Thanks to the encouragement of a local priest he was well educated and did a Bachelors degree at Columbia University in New York City, and then a law degree there, where he was a classmate of Franklin Roosevelt. Sitting in the same lecture hall, they were worlds apart. Donovan was bog Irish in looks, manner, and attitude, while Roosevelt was aristocratic, aloof, and condescending, the former knew he had to work for a living, while the latter was driven around by a chauffeur who sometimes carried his books. Their paths would cross again.
Leaving aside the details, Donovan went back to Buffalo to practice law but he found it boring. When married, he and Ruth did a world tour and that ignited the wanderlust never to be abated. They went to Tokyo, Paris, Rome. Thereafter he kept a suitcase packed and carried his passport ready to take off again. When, during World War I, Herbert Hoover started food relief in Belgium, Donovan volunteered to work on it, and in 1916 he was Berlin with a party negotiating passage of food to Poland. This trip was at his own expense, a practice he followed thereafter, paying his own way.

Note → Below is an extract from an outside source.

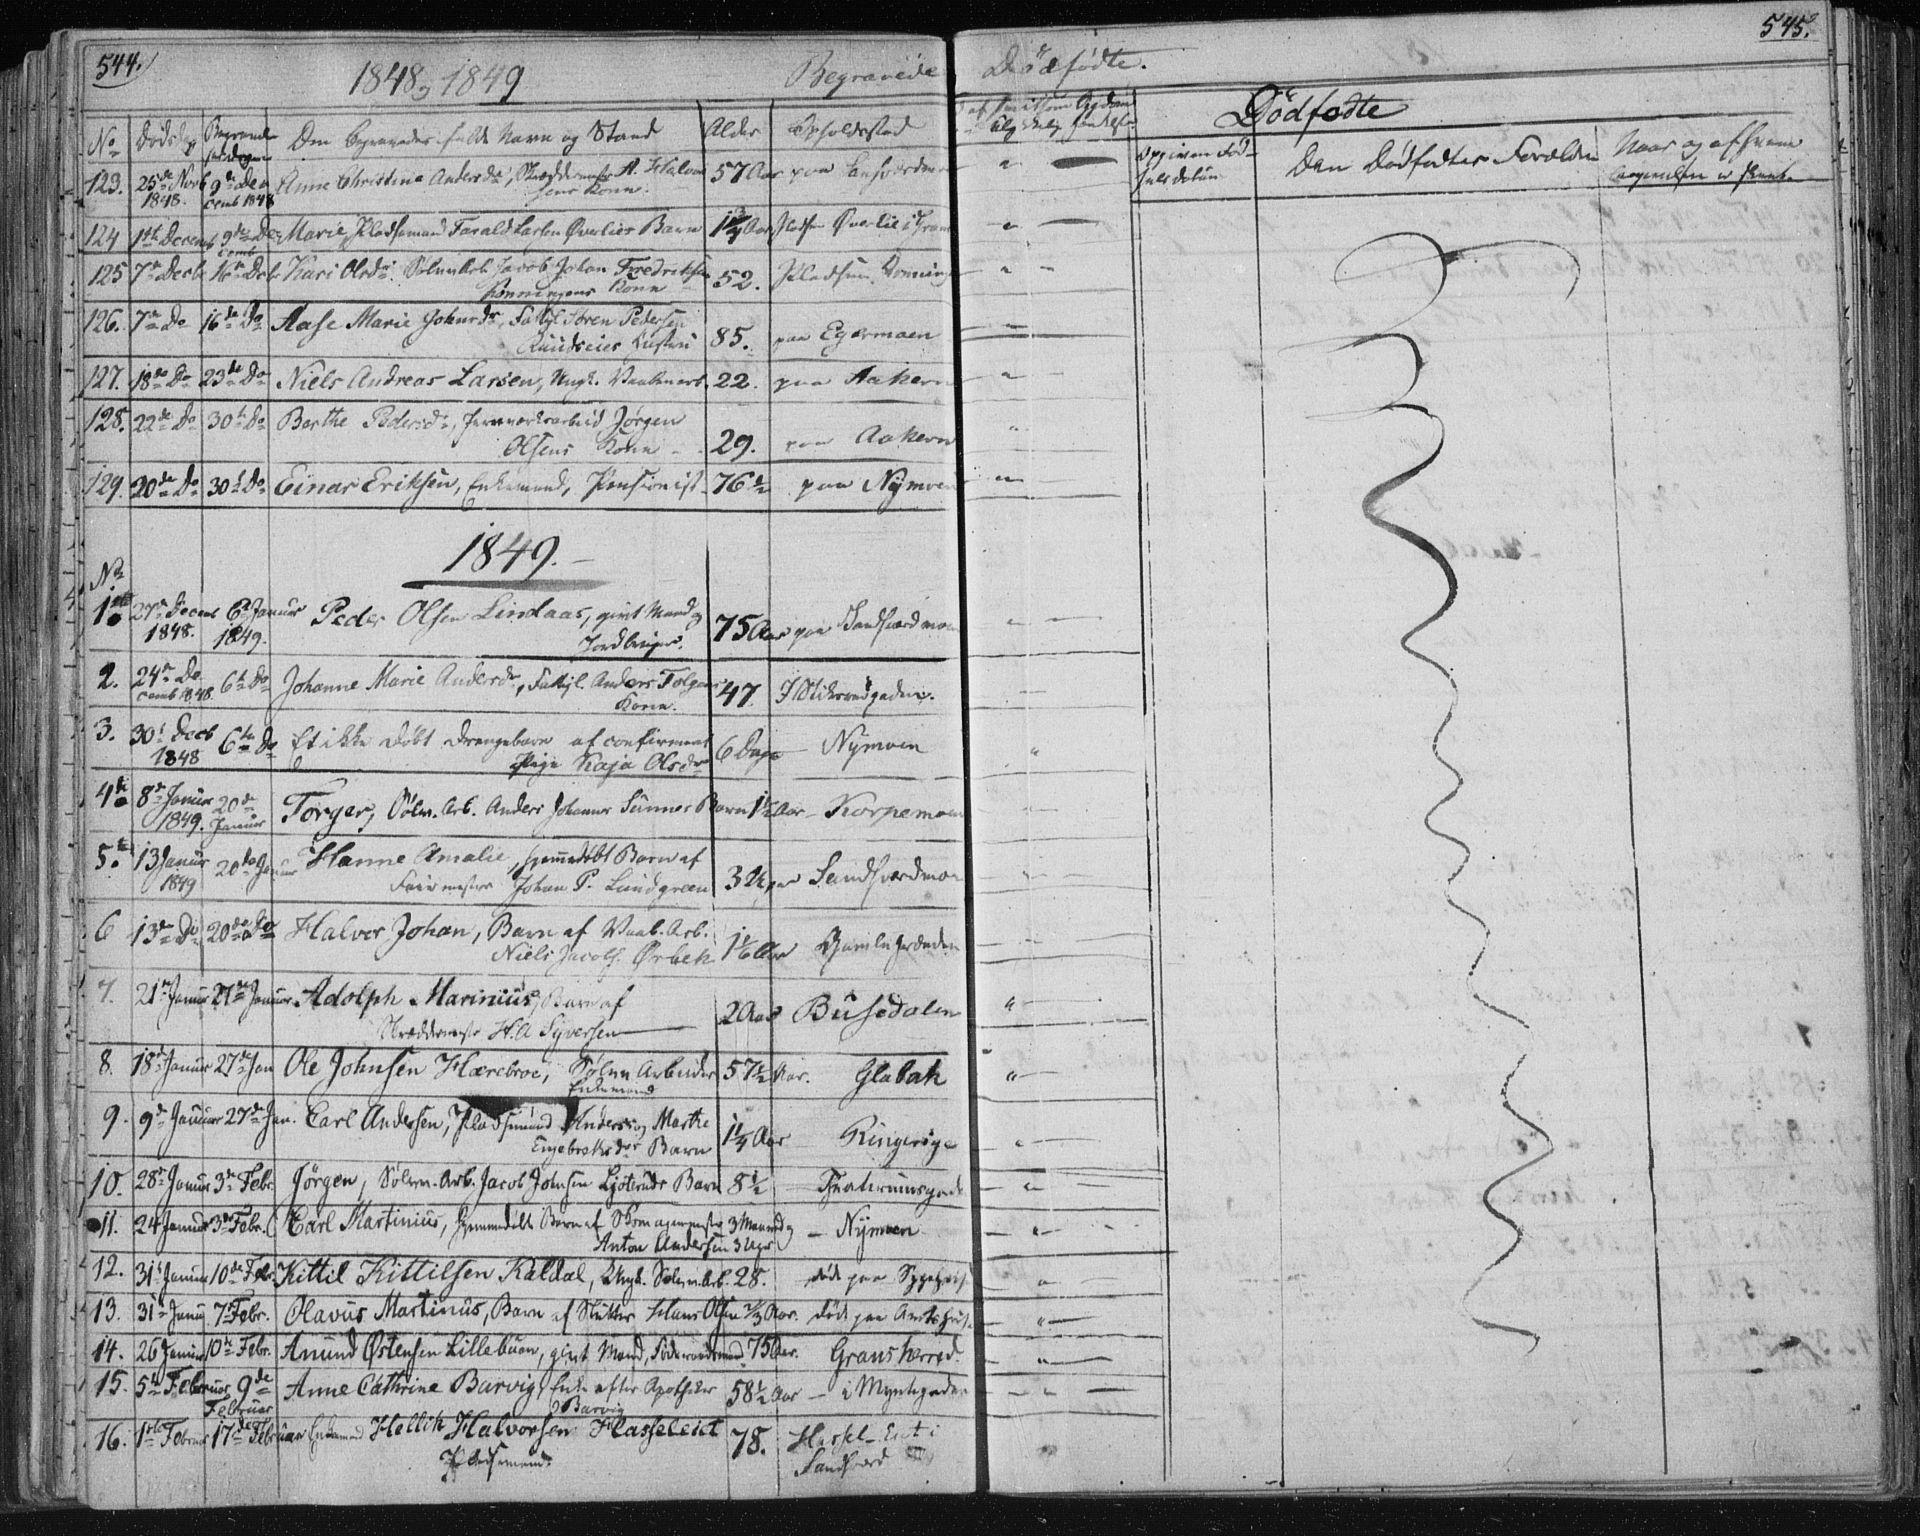 SAKO, Kongsberg kirkebøker, F/Fa/L0009: Parish register (official) no. I 9, 1839-1858, p. 544-545

Earlier he had joined the National Guard in Buffalo, partly as a way into the upper echelons of Buffalo society. When the United States entered the war, he became a Colonel of the infantry, where he got shot up and walked with a limp ever after. That was when he got the nick-name ‘Wild.’ Though he was later promoted to general at a desk, out of the army he preferred to be called Colonel after his combat service.
He was much medaled, more so than Douglas MacArthur, and that rankled the latter ever after.
After the war, a Buffalo celebrity, he became the Federal Prosecutor in a city infamous for it bootlegging and the many blind-eyes turned to it. He took the blinders off and enforced the law with the same energy and fearlessness he had found within himself in no man’s land in France. Since much of the high society of Buffalo financed the illegal alcohol trade with Canada, he prosecuted many of the social and financial elite, including eventually his own in-laws. He had warned them, but they refused to believe he would touch them. Wrong! Thereafter, he was ostracised in Buffalo, and his wife soon started leading her own, separate life, as did he.
By the way, he seldom, if ever, drank alcohol himself. His failings did not include hypocrisy.
He went from there to Washington D.C. as an assistant attorney general, where he was equally vigorous, so much so that he made an enemy of Hoover J. Edgar, who opened a file on him, one never to be closed. Donovan’s many prosecutions of criminals deprived Hoover J. Edgar of the limelight and he hated that. It also upset some of the arrangements Hoover J. Edgar had with organised crime figures, we now know.
Donovan had hoped that incoming President Herbert Hoover would appoint him attorney-general but it was not so, perhaps because appointing a Catholic to the post was not a confirmation fight President Hoover wanted, perhaps because Hoover J. Edgar was finding dirt and there was some to find, and slinging it. Disappointed, Donovan quit.
He was a lifelong Republican, and ran for lieutenant governor of New York against a Democratic ticket led by Franklin Roosevelt. While Roosevelt treated him with the amused indifference of the landed gentry in this contest, Donovan was tense and desperate to prove himself. He failed. He tried again in 1932 as the Republican candidate of governor and failed again in the face of the Democratic landslide of that year.
But in this period the most important point is that he travelled extensively in Europe and Africa. He became an unofficial go-between, agent, and observer. He was in Berlin in the 1920s and saw a young Adolf Hitler speak who, like a priest, sometimes stood at the exit door, and shook hands with those leaving. In this way Donovan shook hands with Hitler. Imagine how Murdoch’s organs could distort that today.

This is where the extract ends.